Brainwashing of America's youth, one Tobey spawn at a time.

There is a term that has been thrown around a lot lately in our household and that term is brainwashing. Personally, I find it to be a tad offensive as brainwashing can never have a good connotation, right? You may be wondering why that term is being slung around and without airing too much of our dirty laundry online it is because Tobey told Simba she was no longer welcome to live in our home.

In response to being asked to leave Simba deems anyone that disagrees with her views as being brainwashed by us. She has even said her best friend is brainwashed by us. Oh the power we wield over people we rarely see! The simple fact is that Simba's view of brainwashing is the rest of the world's view on parenting and being a decent, productive citizen.

Do I brainwash my children? Sure. Doesn't every parent? Don't we as parents teach our children by our own moral and religious compasses? You don't see Catholic families raising Buddhist children for the most part. I contend that it is our job to teach our children from the vast wealth of life experiences we as parents and productive members of society have learned. If the child heeds that advice their lives will go a bit smoother than those who do not heed said advice.

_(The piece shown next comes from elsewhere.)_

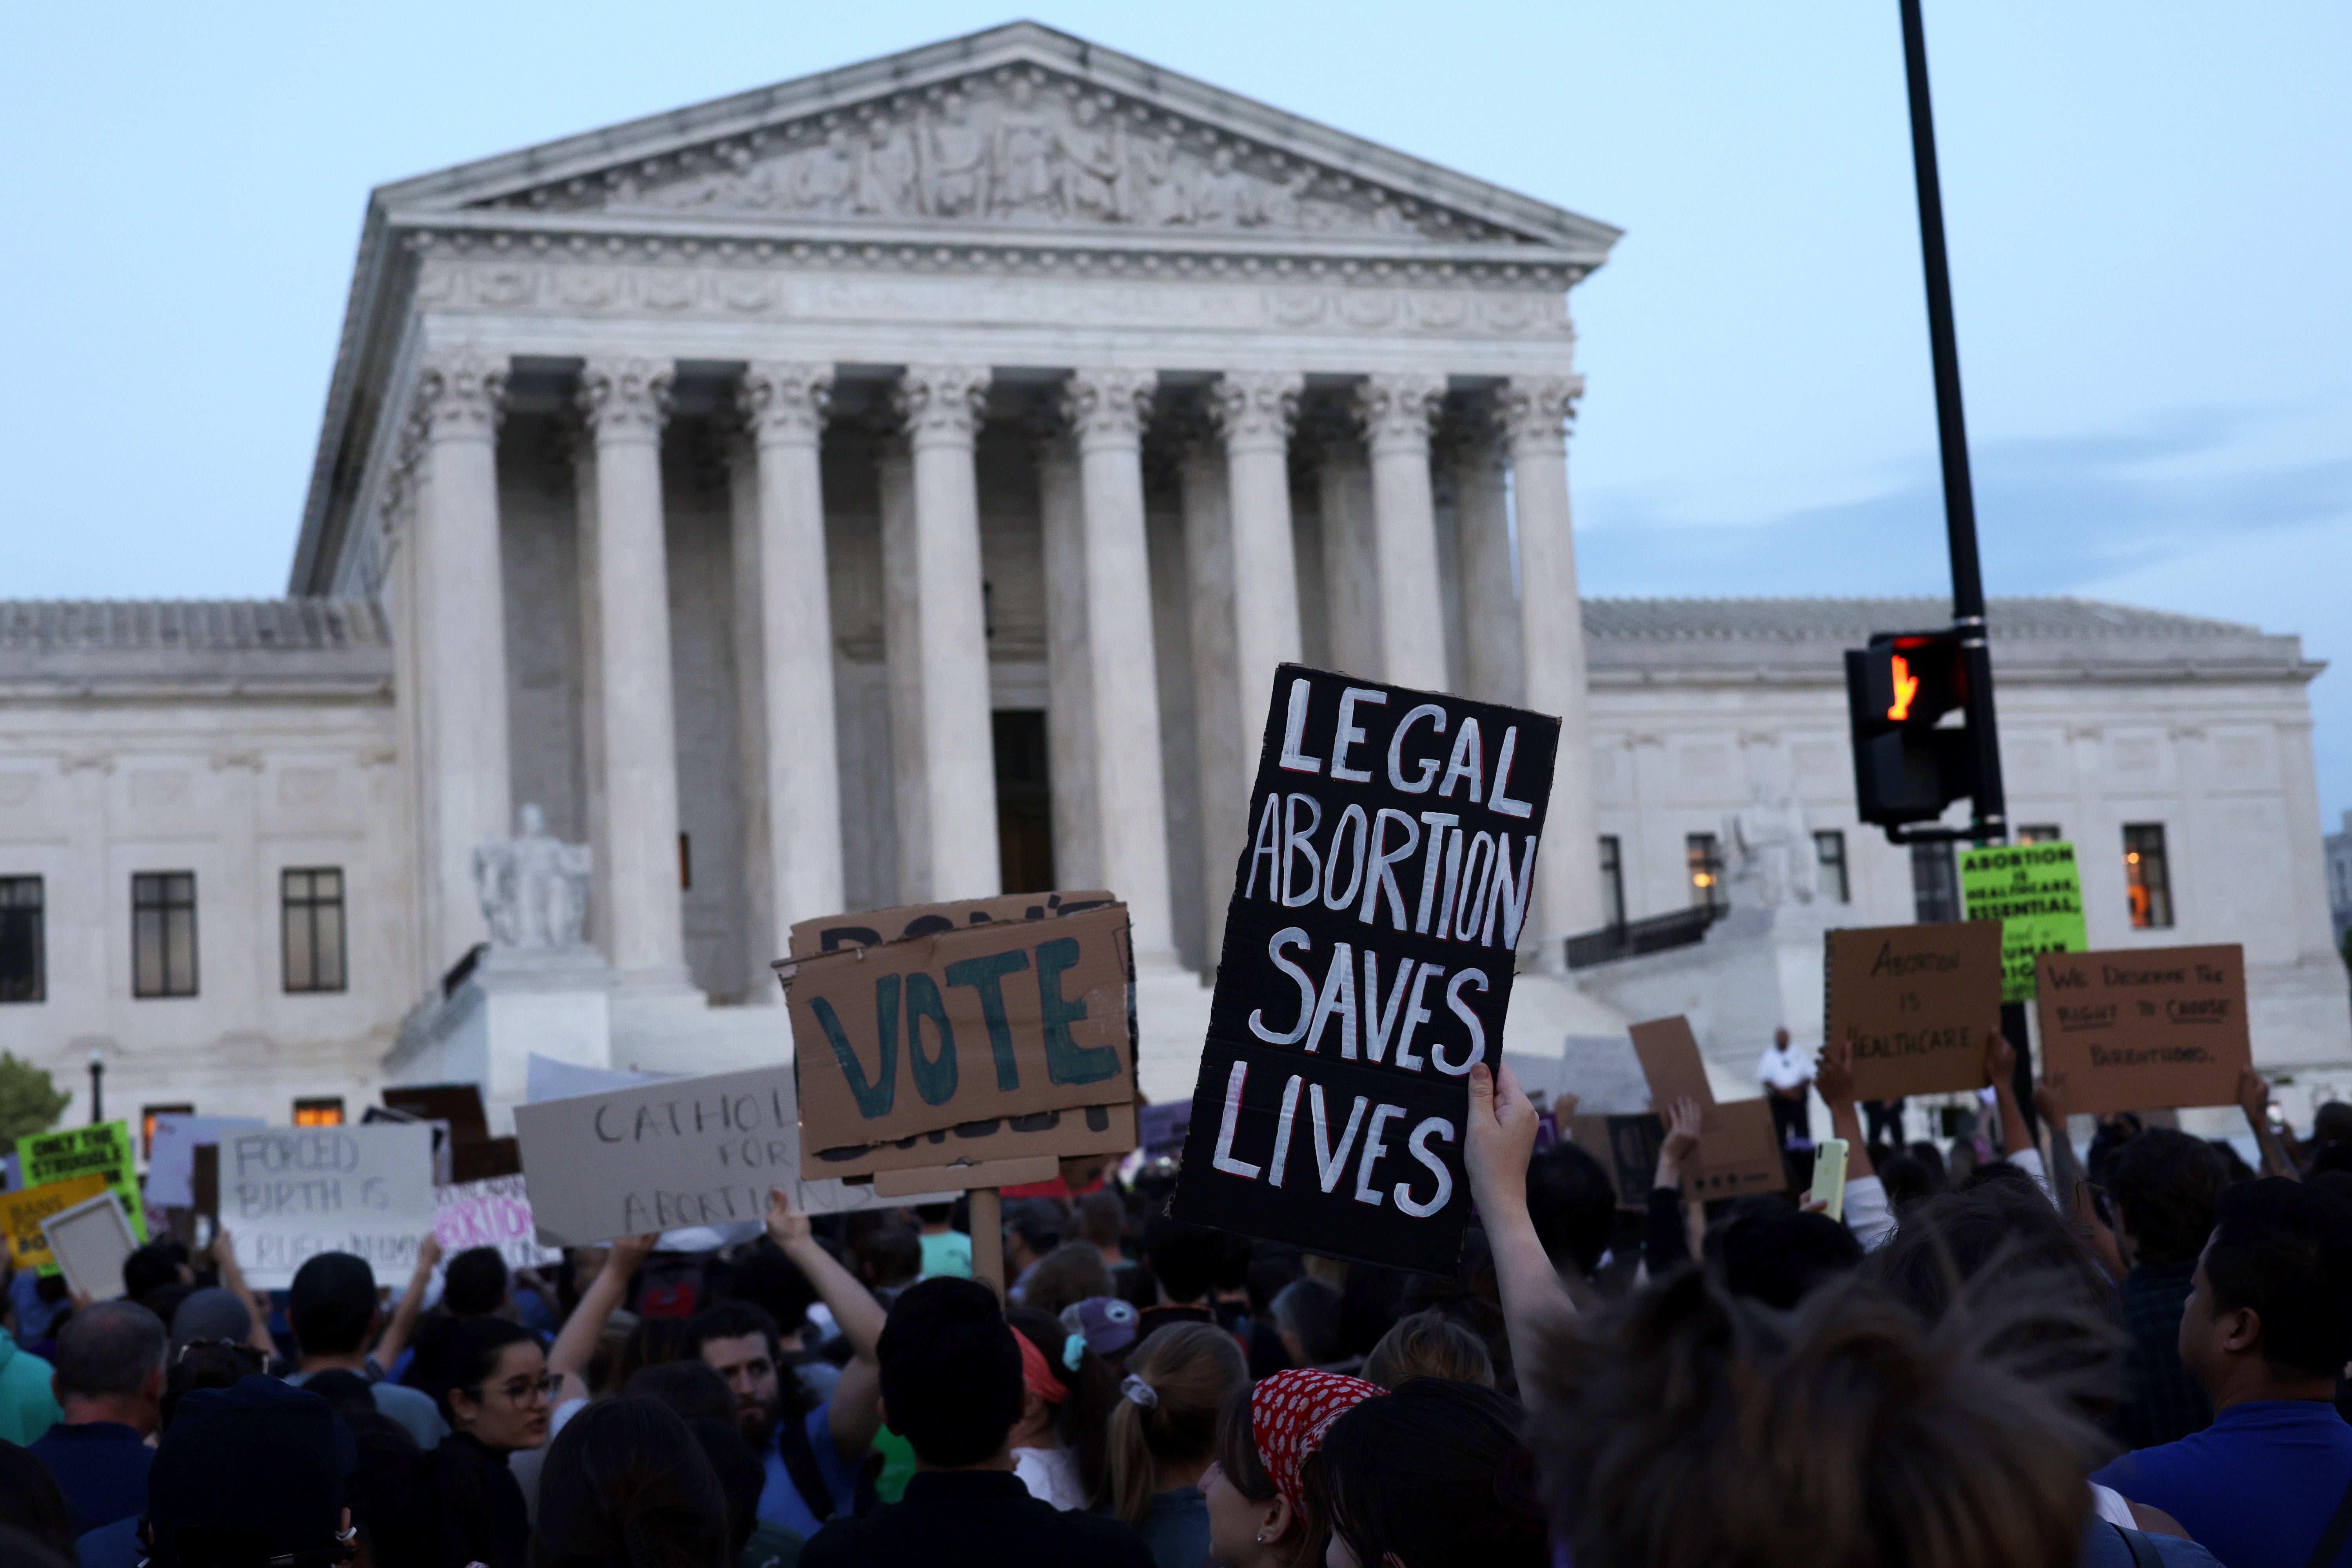 Pro-choice activists protest at the Supreme Court after the Roe v Wade ruling leak

That being that case then I am really glad I brainwashed my children into using the toilet and not pooping in their diapers. I am happy I brainwashed them not to touch a hot stove or pot. I am particularly pleased I brainwashed them into thinking an education and good grades were important and going to college is the norm and not the exception. I am happy I brainwashed them into thinking there is a higher authority then any one on earth. I am glad I brainwashed them into not using their cell phones or texting while driving (not that they listen to that one though). I am proud that 4/5s of the spawn know the difference between right and wrong. And this list goes on and on about how parents 'brainwash' their children; it is just the rest of the world calls it parenting, teaching, setting boundaries, learning consequences for your actions and being responsible for your actions.

Now I am not saying that folks can't be non-conformists. I don't have a problem with that at all and think that some of my views religiously, parentally and politically are not the norm. My opinion is you can be a non-conformist all you like as long as you don't become a Jim Jones, David Koresh or Timothy McVeigh. As for this house though, in our home, we require folks to live by a few simple rules that are designed for the good of the entire household and most of them revolve around respect for yourself and others. And if someone is having issues in their life and they ask us for help to get back on track - we expect them to live up to the standards we have set (and they agreed to) to achieve such lofty goals.

In the end though it boils down to one thing in life: in each situation you either contribute to it or you contaminate it. Think about that for a minute. Every thing you do every day, you either contribute to or you contaminate. For example, I just contributed to taking the boys to school. I will further contribute today by going to work and doing my best at my job which will contribute to thousands of folks getting their utility bills. They in like will pay their bills which will contribute to the City having funds to pay my salary. I will take my salary to the grocery store and contribute to their bottom line. And so on and so forth.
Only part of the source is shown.